Legislature's pitiful stall tactics only delay justice
Published August 11, 2017
Editorial by Asheville Citizen-Times, August 7, 2017.
North Carolina voters got less than half a loaf from three federal judges last week. The decision was just one more step in tweaking an election system that is hopelessly broken.
The judges ordered the General Assembly to finish redrawing legislative districts by September. But they rejected pleas for a special election, which means the unconstitutional districts will remain in force through the 2018 elections.
The panel ruled in August 2016 that 28 state House and Senate districts were illegally drawn based on racial considerations. Republican lawmakers have said they’ll have to alter two-thirds of the General Assembly’s 170 districts while fixing the 28 cited.
The idea was to cram as many African-Americans, who mostly vote for Democrats, into as few districts as possible, increasing Republicans’ chances of winning other districts. The concept of creating so-called majority-minority districts to increase African-American representation has been upheld, but this time the GOP crammed too much, the judges said.

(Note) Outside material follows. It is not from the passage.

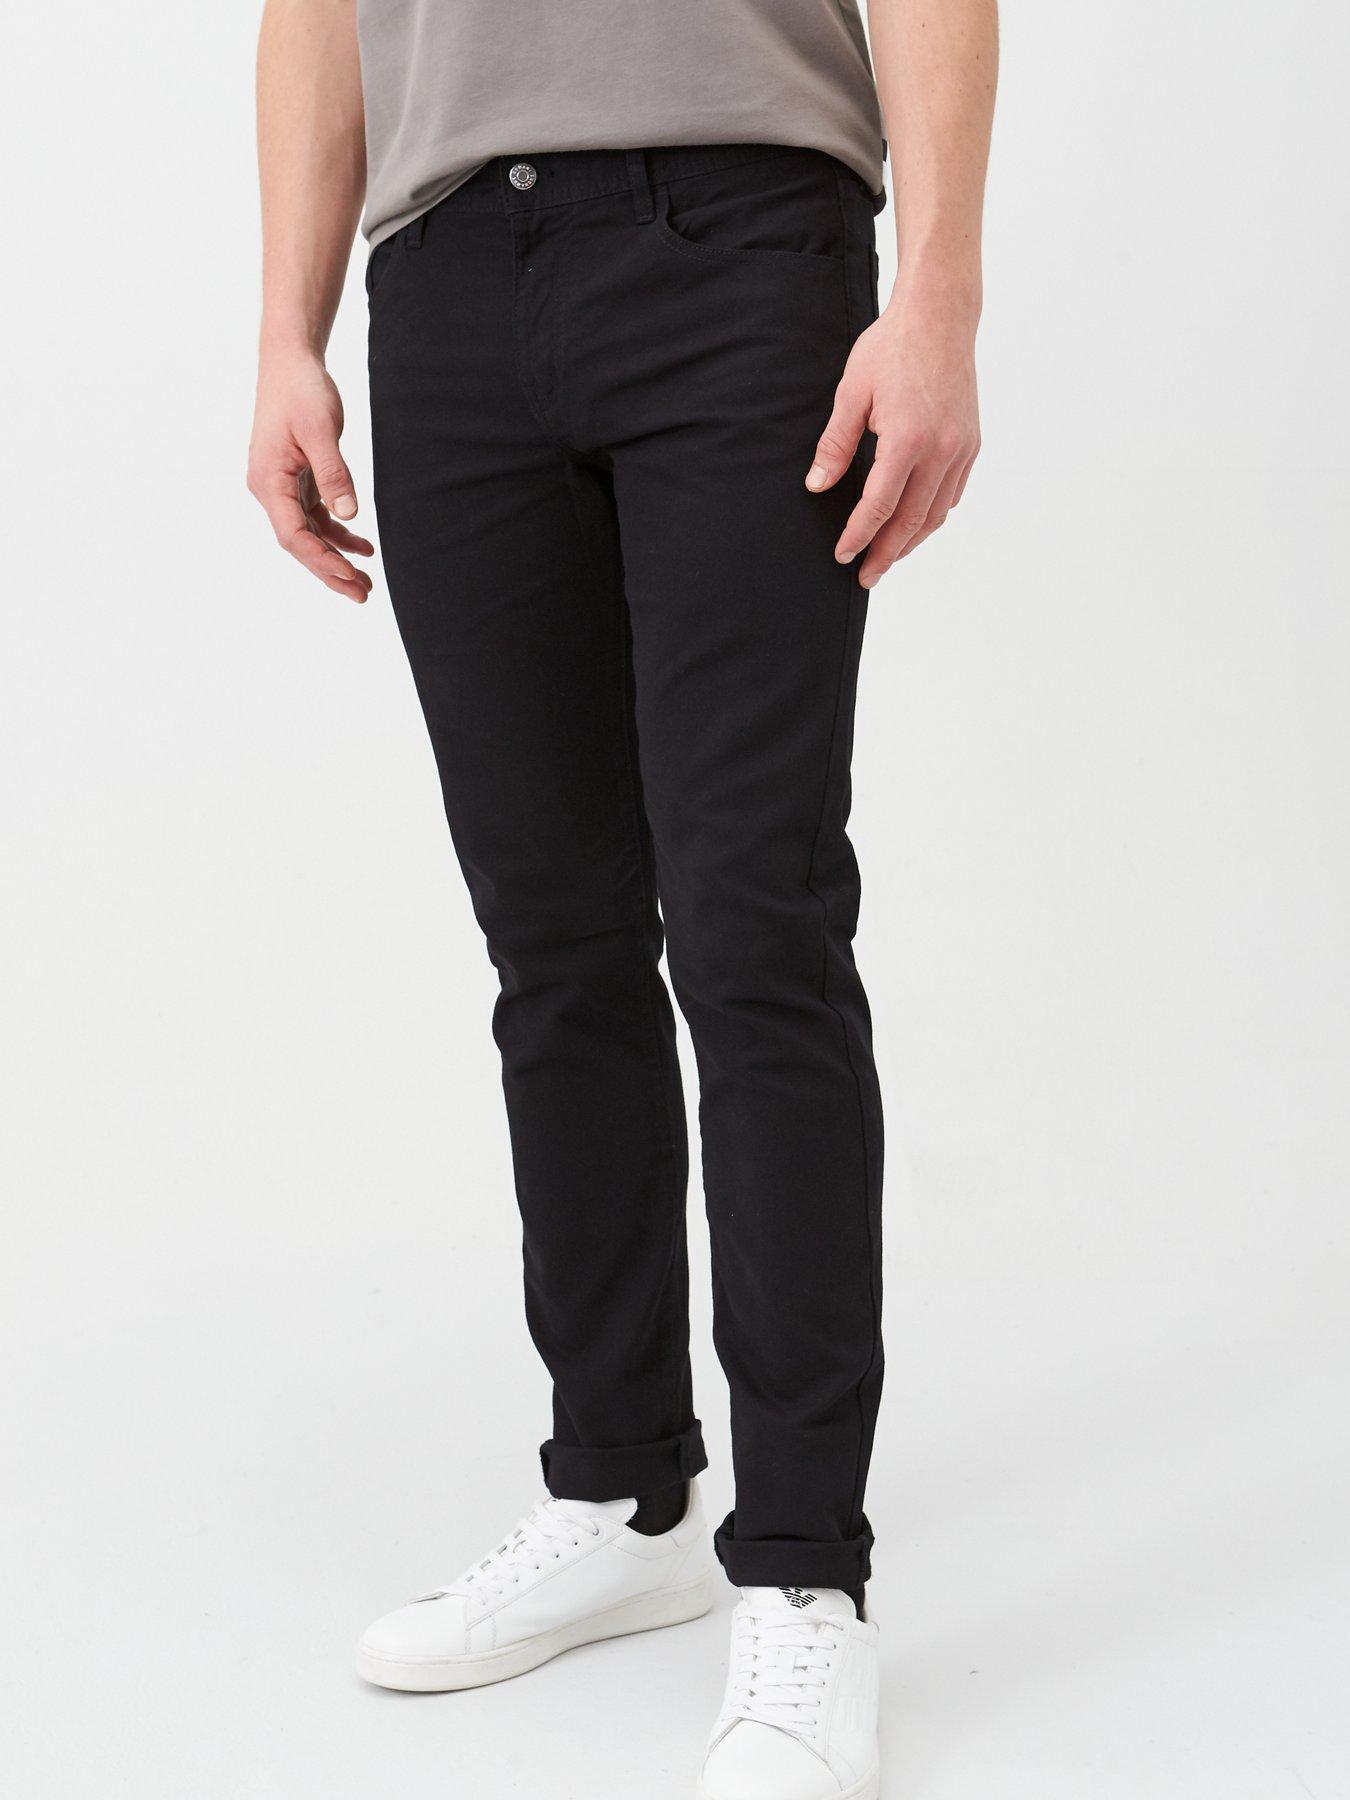 black skinny armani jeans

Gerrymandering is as old as, well, Elbridge Gerry, the Massachusetts governor who in 1812 signed a state redistricting bill that created one district shaped somewhat like a salamander. Both parties have practiced it diligently, in North Carolina and elsewhere. What has changed is the advent of technology that makes it possible to gerrymander much more efficiently.
How efficiently? The two parties are roughly equal in North Carolina, as shows by the close gubernatorial race last year. Yet, Republicans control 10 of 13 seats in the U.S. House, 74 of 120 N.C. House seats and 35 of 50 seats in the N.C. Senate.

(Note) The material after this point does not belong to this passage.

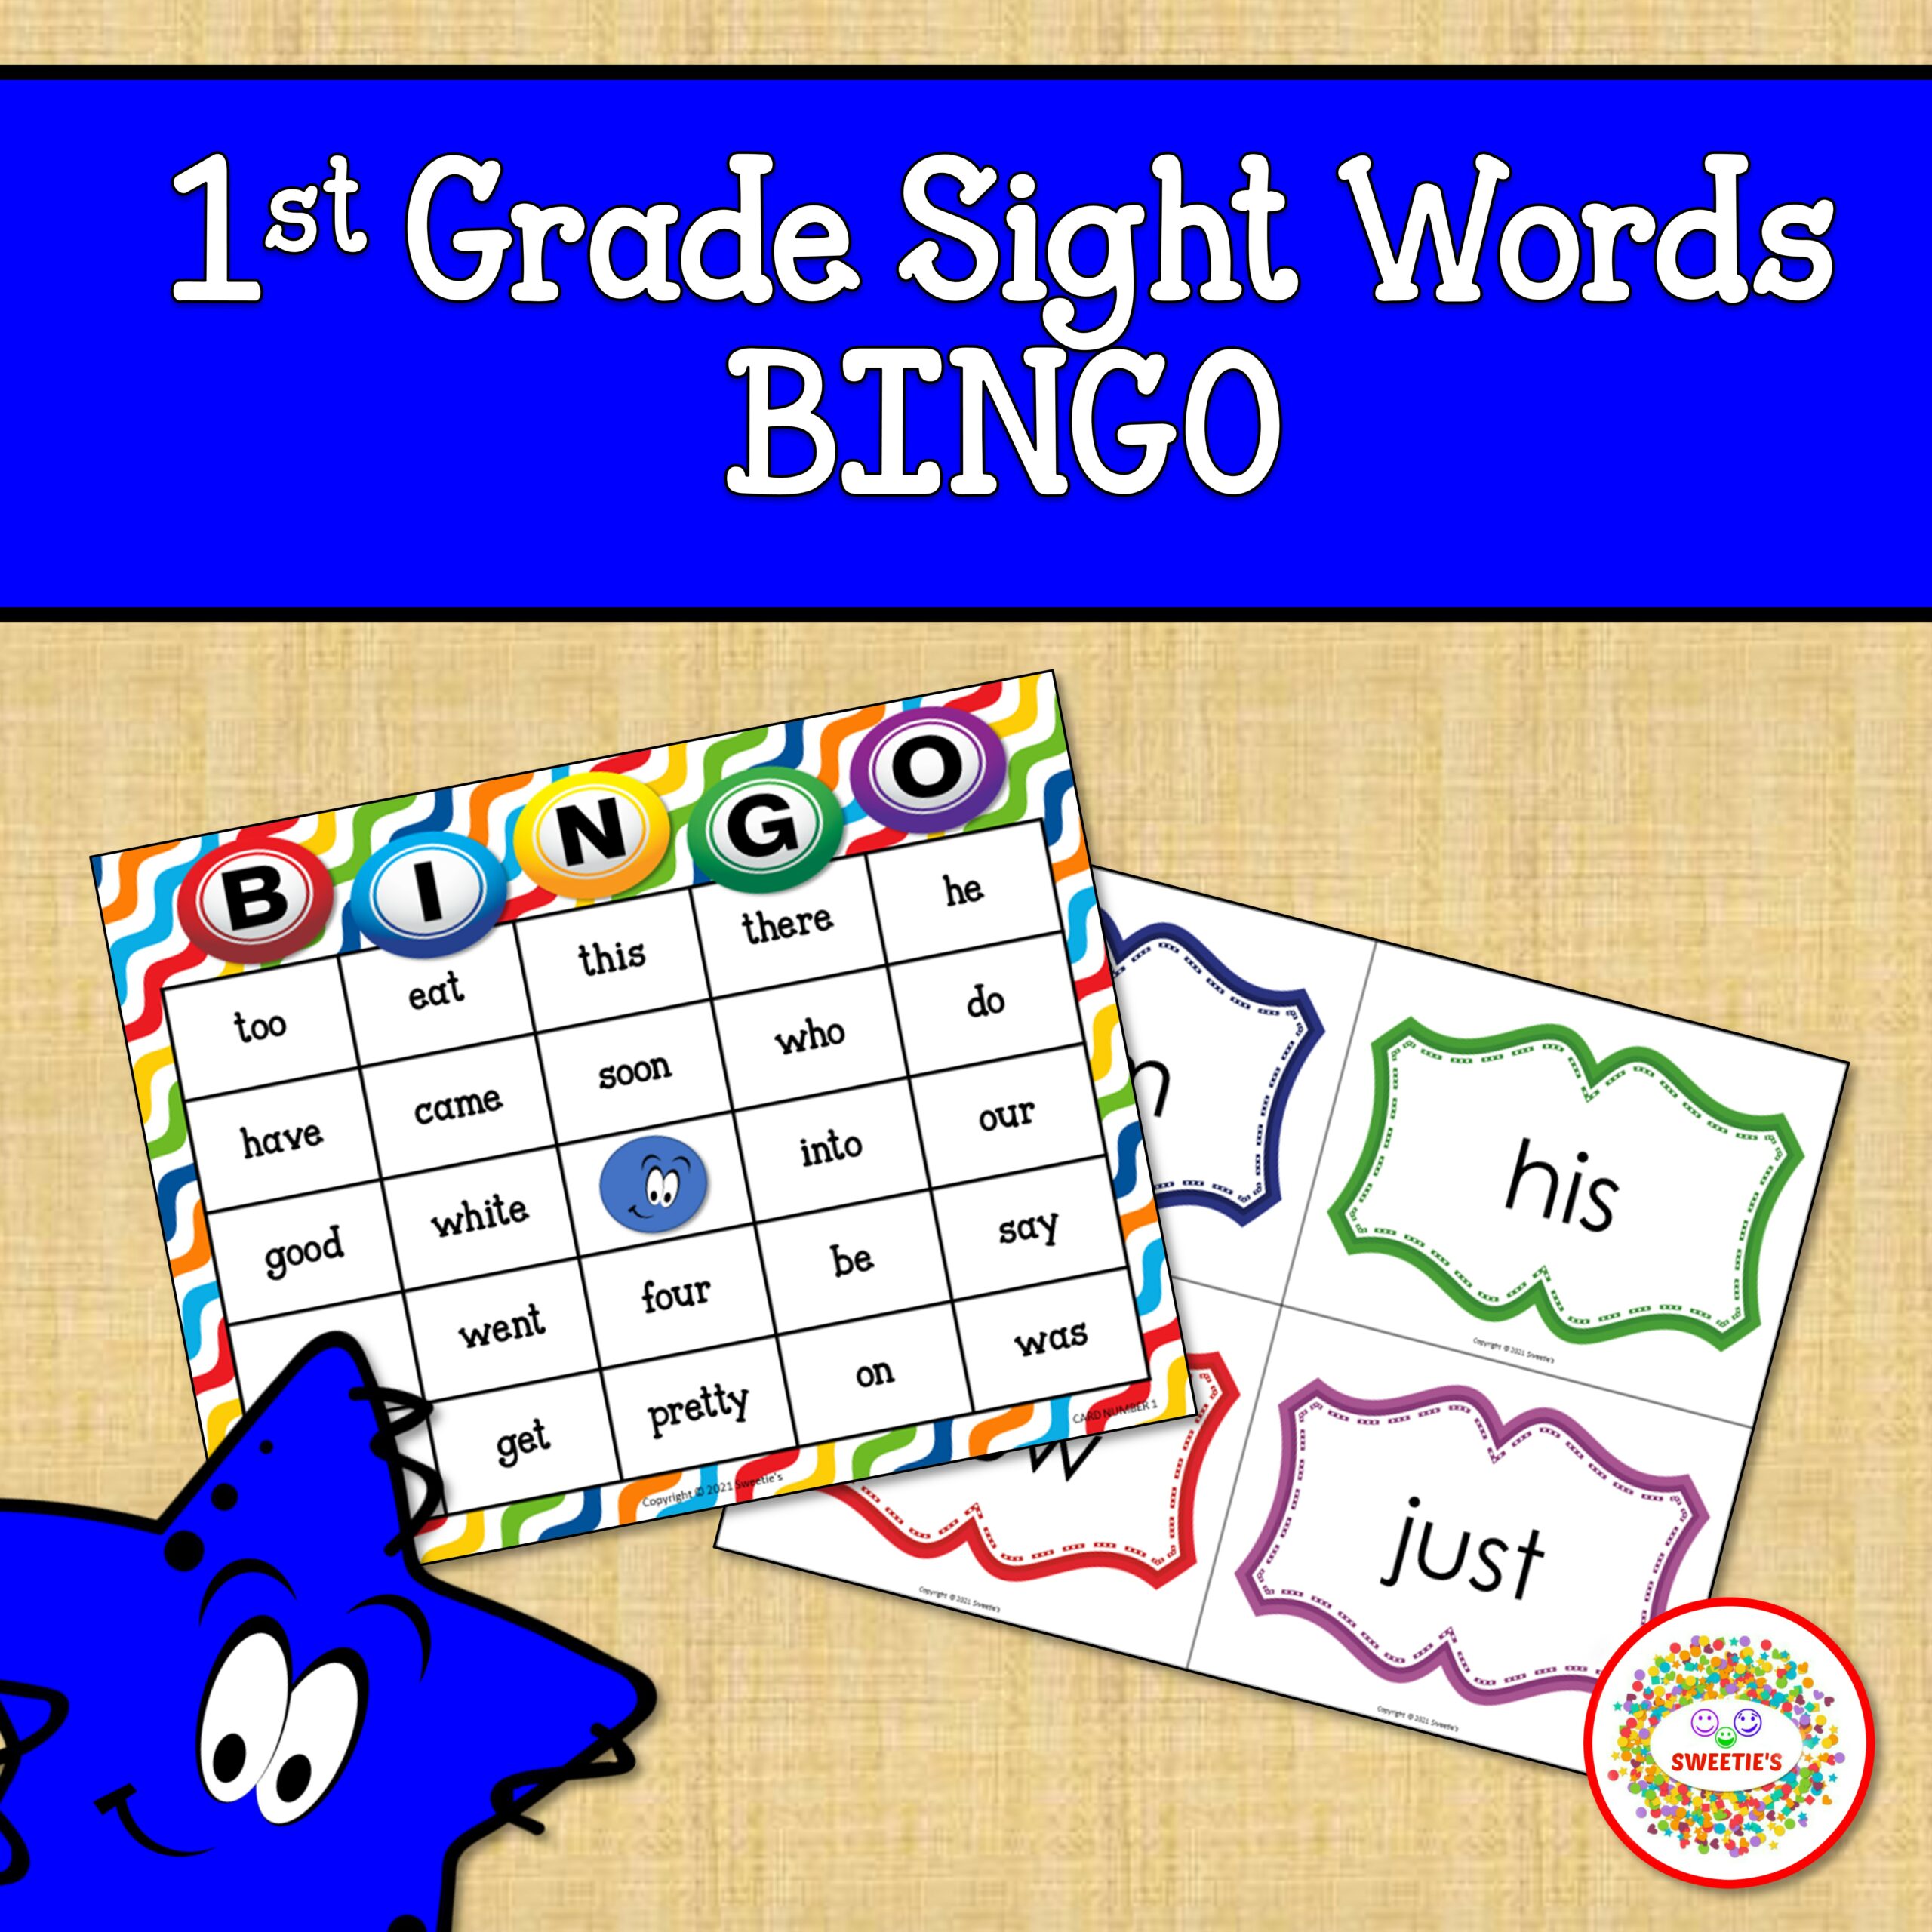 1st Grade Sight Words Bingo

Quite simply, the effect of the most recent court ruling is to leave half of North Carolina’s people effectively without a voice in state government until 2019. We understand the cost and confusion that would result from multiple elections next year, but the price is little enough to pay for fair representation.
In the long run, however, the only answer is to take districting out of the hands of those who benefit from how the lines are drawn. The Iowa example is instructive here.
In 1980, Iowa set up an independent five-member Legislative Services Agency to draw the lines for legislative and congressional districts. The majority and minority leaders of each house of the Iowa legislature pick one member apiece and those four pick the fifth.
The districts must be “convenient and contiguous,” they must “preserve the integrity of political subdivisions like counties and cities” and they must “to the extent consistent with other requirements, [be] reasonably compact.”
The maps are presented to the legislature, which may approve or reject the bill without altering it (the legislature can provide feedback). If the legislature rejects the plan, the LSA must draft a second proposal. If the legislature rejects the second proposal, the LSA must draft a third, and final, set of maps. If the legislature rejects this plan, it may then approve its own maps.
Since the implementation of this process, the state legislature has never chosen not to approve an LSA proposal, or to alter the law.
When Democrats controlled the General Assembly, Republicans wanted an independent commission and Democrats did not. Now, Democrats want one and Republicans don’t.
Well, not all Republicans. Rep. Chuck McGrady of Hendersonville was prime sponsor of a House bill this year to set up an Iowa-style system in North Carolina. Neither that bill nor a Senate companion went anywhere. All of Buncombe’s four Democratic legislators were on board.
We hope McGrady renews his efforts next year and get enough of his fellow Republicans on board so that voters in the future can get a full loaf.